== Task description ==
Would you transcribe only the lines below, from the one containing "20-588-04 sn 1246" through the end of the material, exactly and with no pictures?

== Dataset content ==
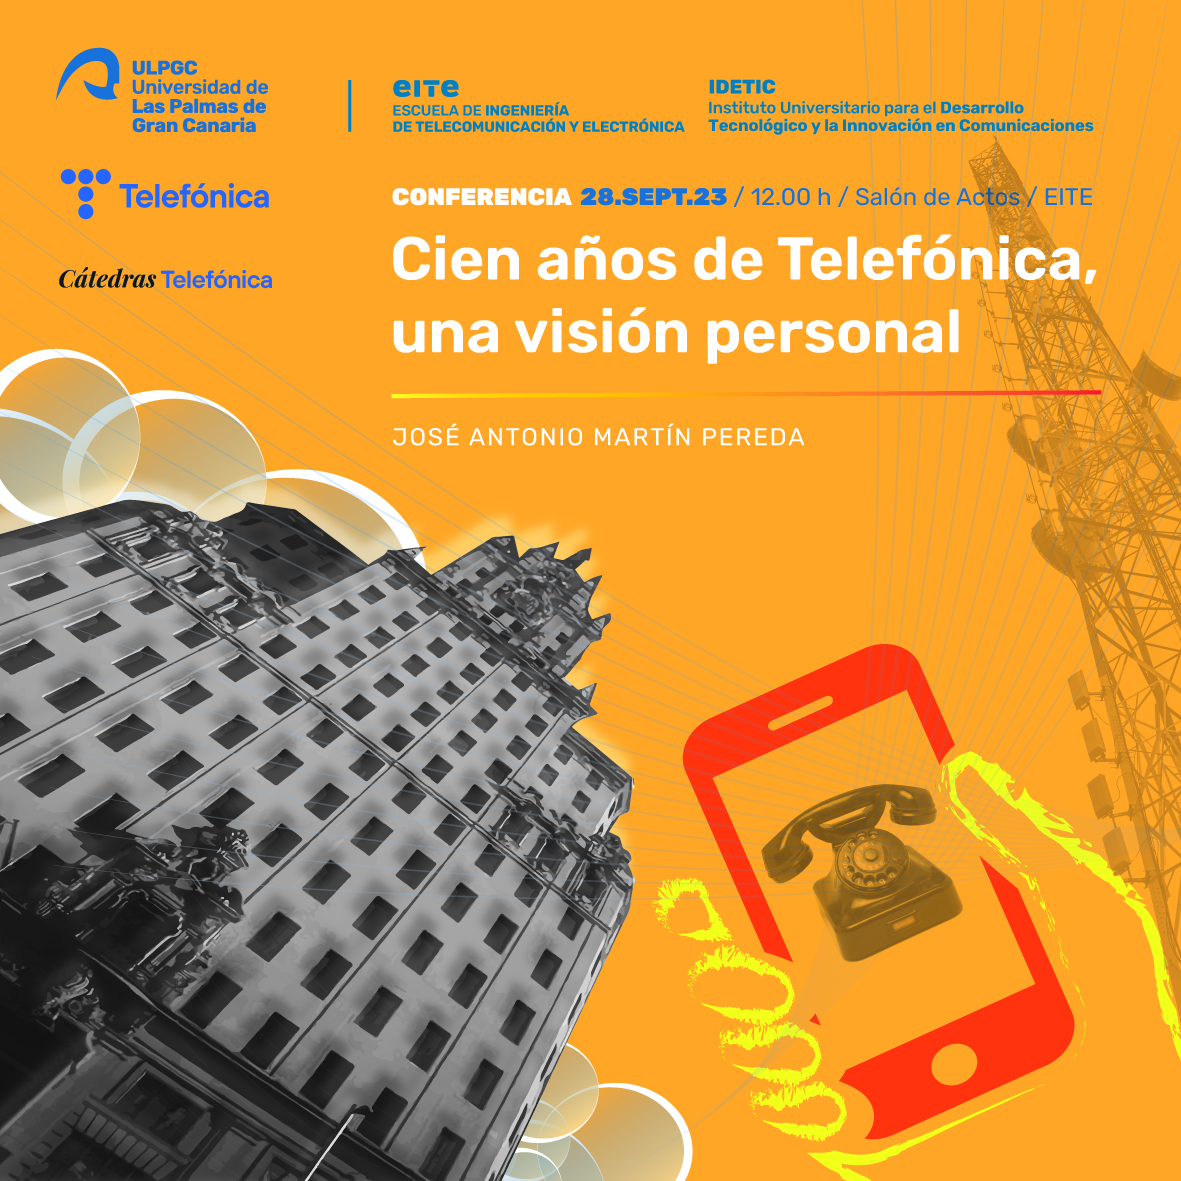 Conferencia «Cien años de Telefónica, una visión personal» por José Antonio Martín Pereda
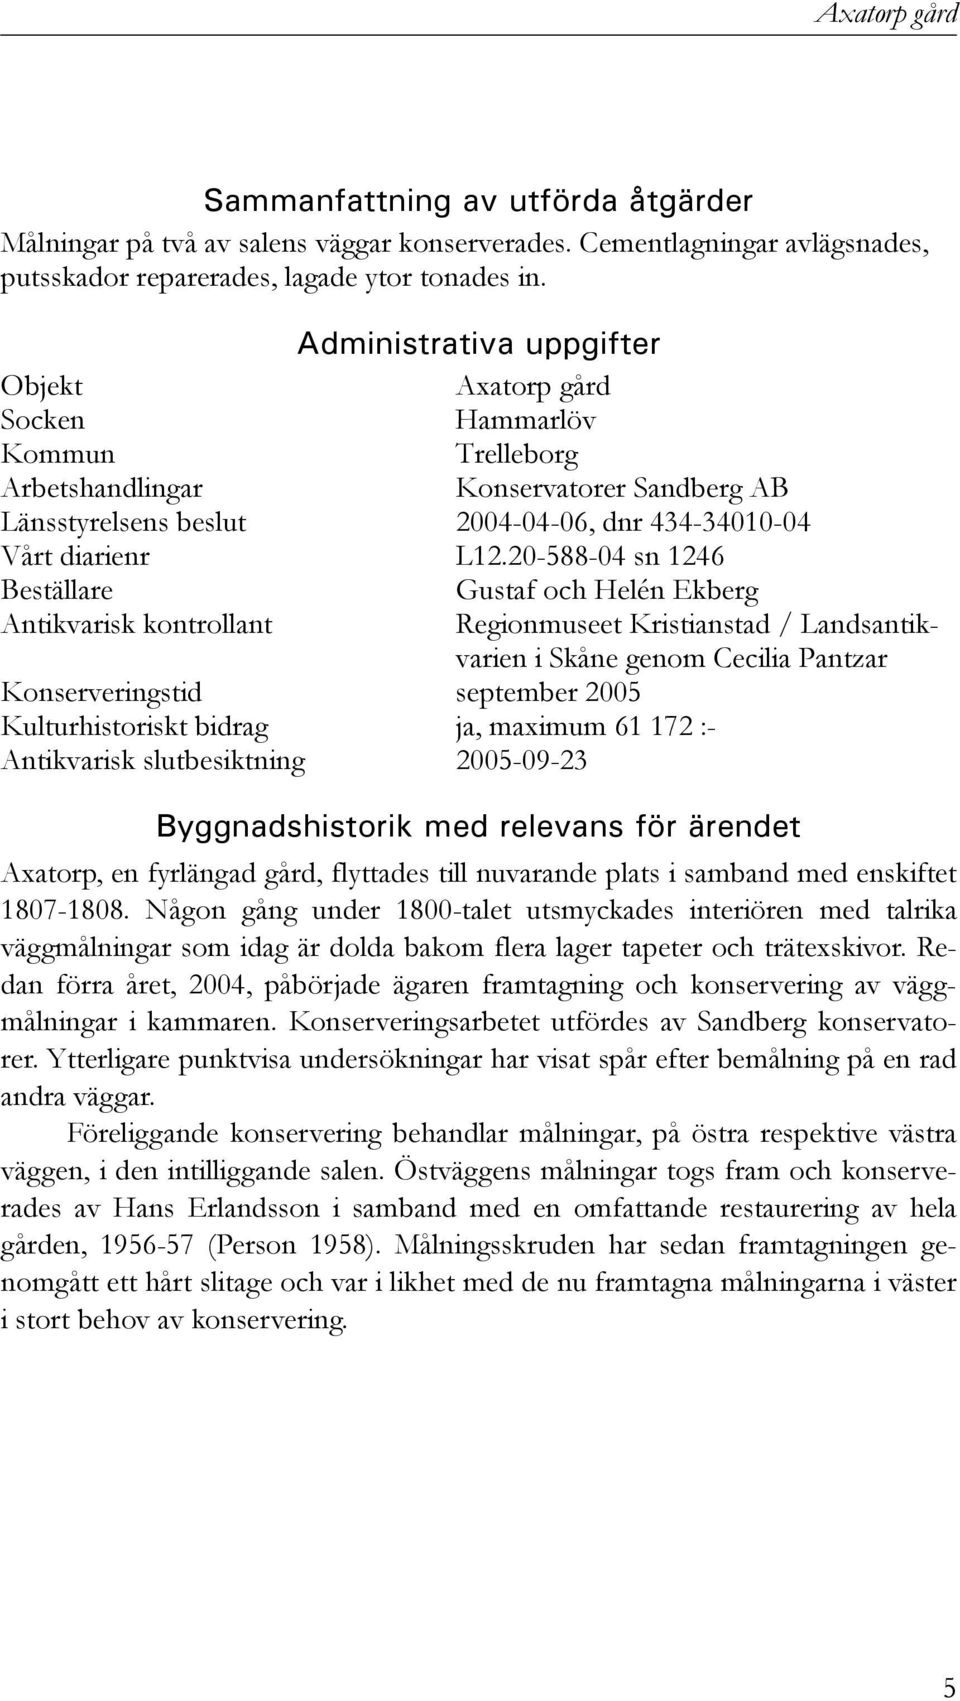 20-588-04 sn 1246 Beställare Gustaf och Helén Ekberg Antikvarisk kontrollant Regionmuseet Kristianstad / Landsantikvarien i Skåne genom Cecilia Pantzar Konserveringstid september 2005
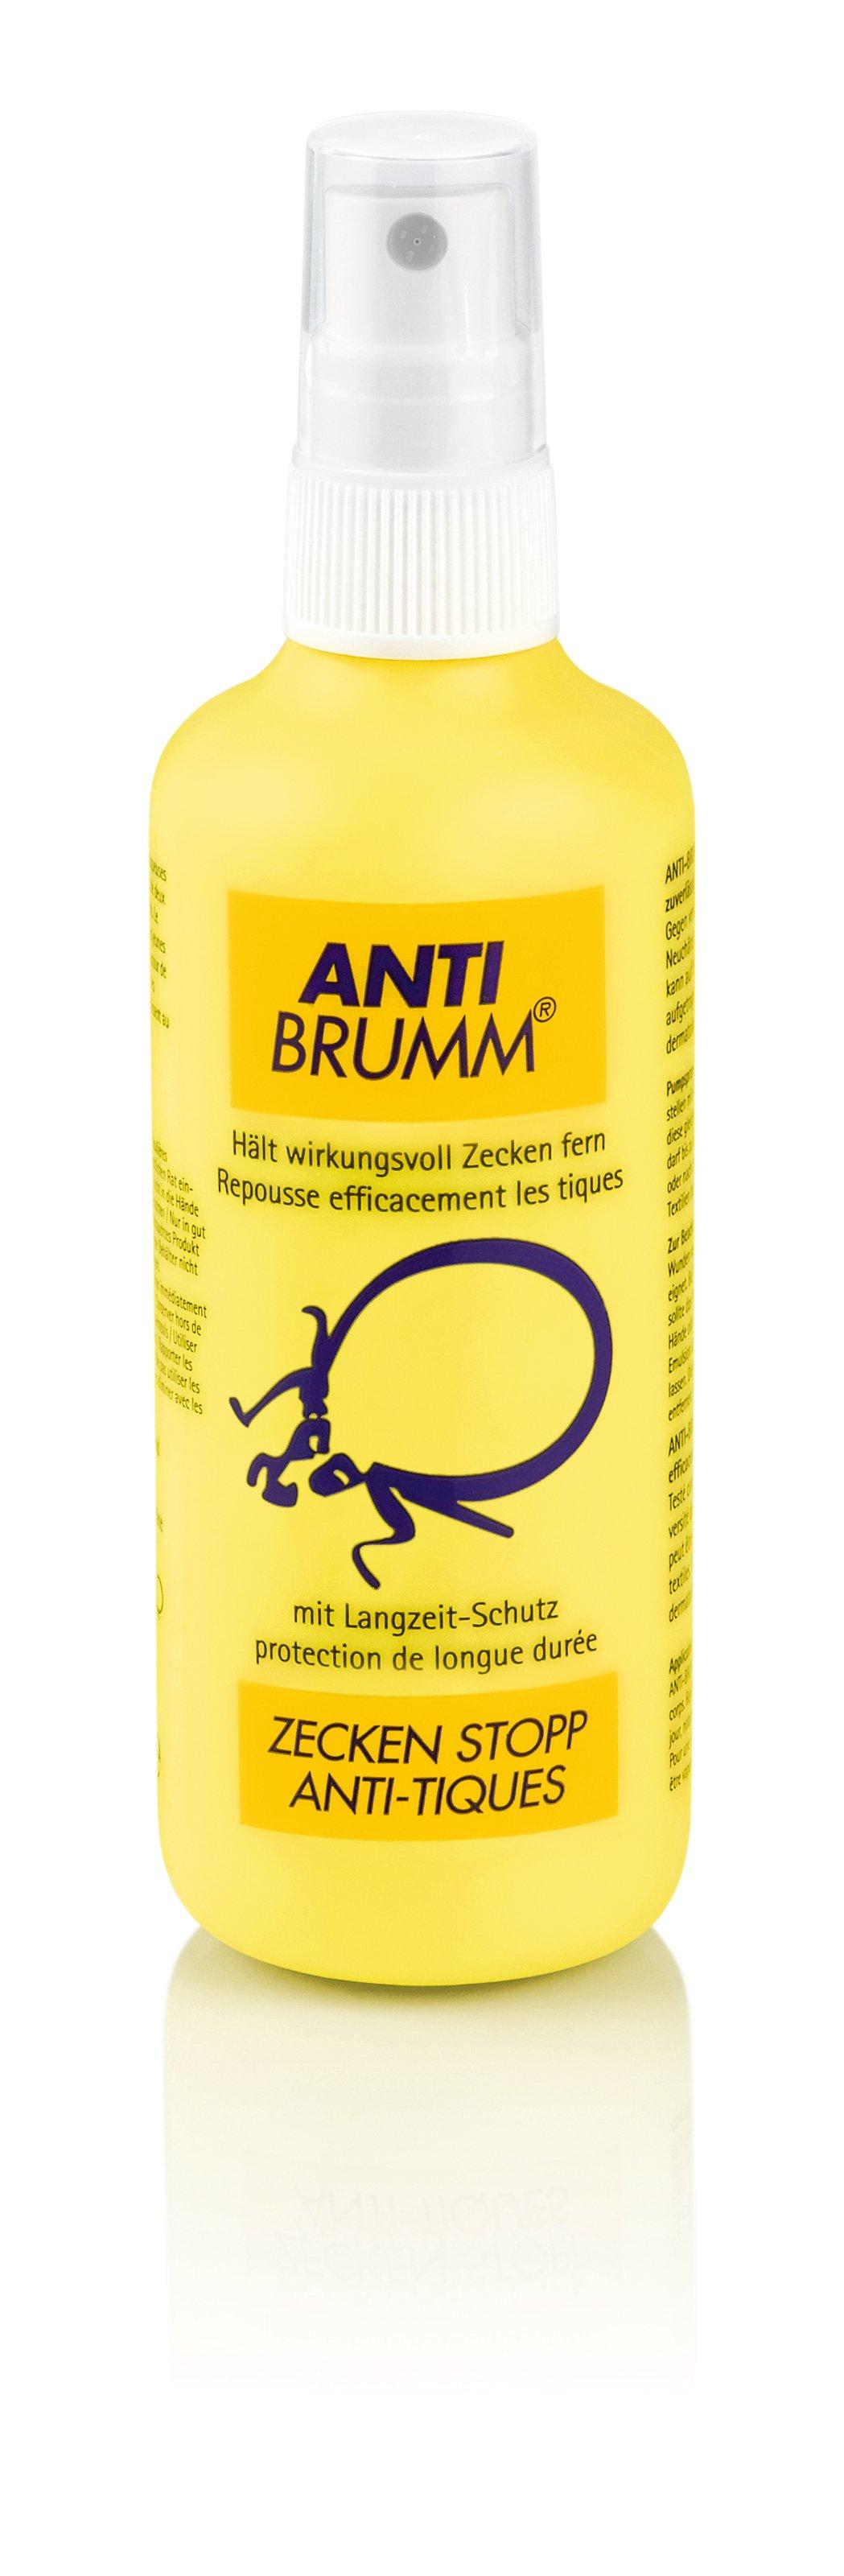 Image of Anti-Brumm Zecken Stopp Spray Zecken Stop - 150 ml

== Task output ==
 20-588-04 sn 1246 Beställare Gustaf och Helén Ekberg Antikvarisk kontrollant Regionmuseet Kristianstad / Landsantikvarien i Skåne genom Cecilia Pantzar Konserveringstid september 2005
 Image of Anti-Brumm Zecken Stopp Spray Zecken Stop - 150 ml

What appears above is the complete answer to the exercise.